Matthew Parris writes with typical elegance on the subject of housing, but he is only half right. See his article here
The problem is his suggestion that demand is being driven by investment buyers. Demand is being driven by a shortage of supply, both for purchase and for rent. That is why buying is such a good investment. Buy-to-let investments are a welcome diversification of the housing market, making private rented property - almost extinguished by rent control from the sixties to the eighties - available.
Where Matthew is absolutely right is in comparing the current situation to the prices and incomes tinkering of the seventies. It is government policy which ensures that housing is in short supply, and so now the government needs a 'strategy' to cope with this 'crisis' of its own making. The problem is the array of planning and building regulations (which also, incidentally, push development onto flood plains. Duh!).
Planning controls restrict the availability of new housing and building regulations restrict the development of new ways of building housing.

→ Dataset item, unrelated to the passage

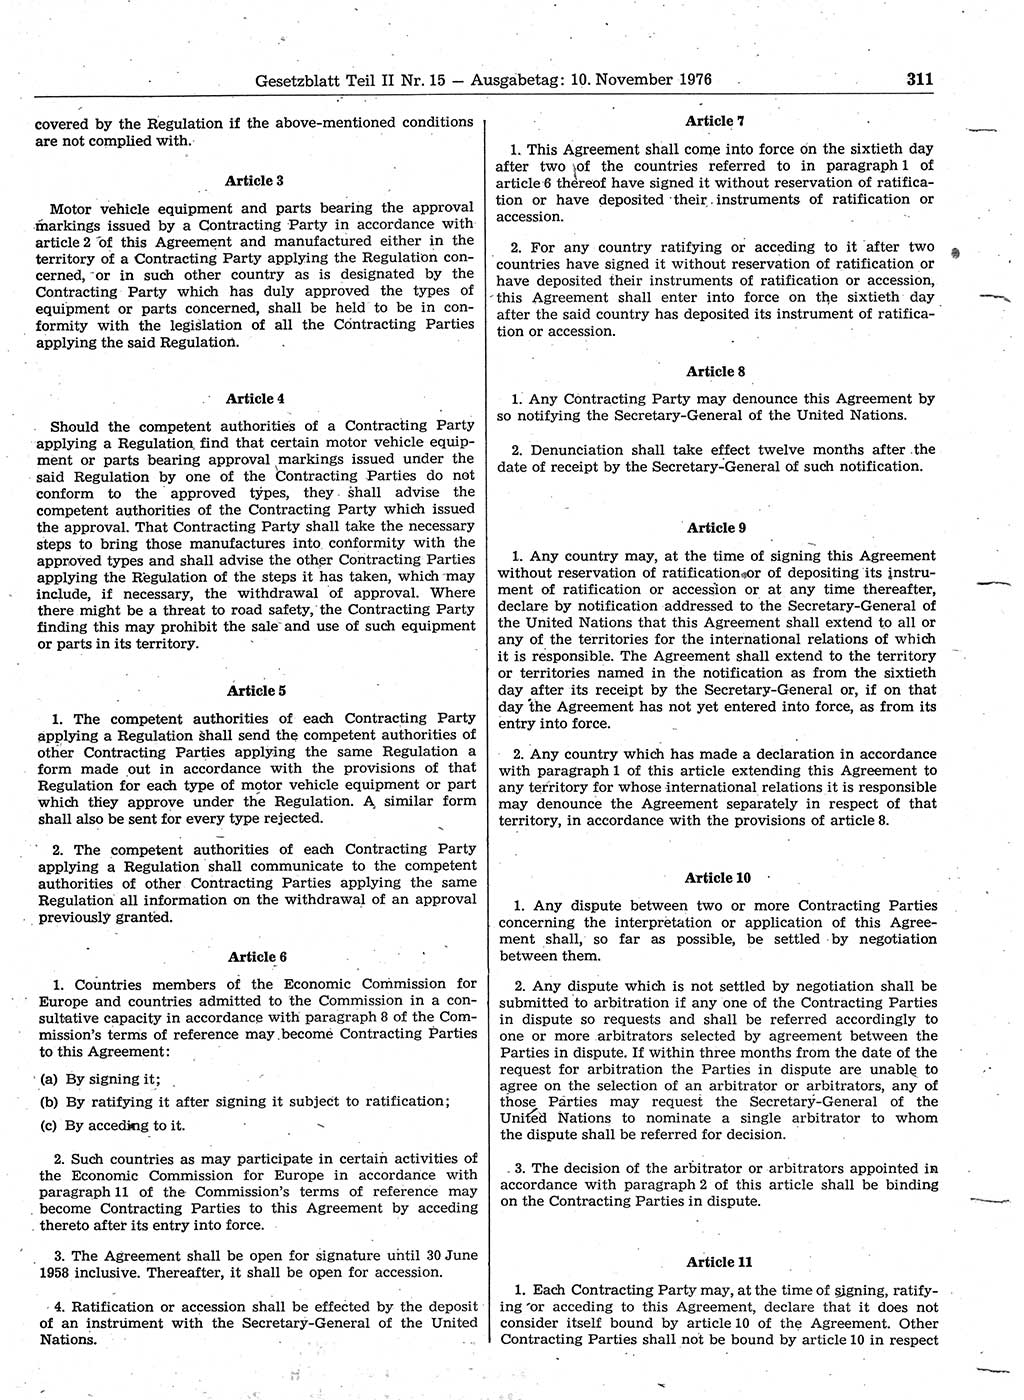 Gesetzblatt (GBl.) der Deutschen Demokratischen Republik (DDR) Teil ⅠⅠ 1976, Seite 311 (GBl. DDR ⅠⅠ 1976, S. 311)

The result is that we are not building enough houses. The government's plans are likely to make this worse. Declaring that housing needs to be 'affordable' will not help if there is still not enough of it.
If a house lasts, on average, 100 years, we need to replace 1% of our stock each year just to stand still. We have not hit that level ONCE in the last 20 years.
And that would be to stand still. It would take no account of growing population, decreasing average household size, increasing numbers of people with second homes, or the backlog caused by years of crazy policy.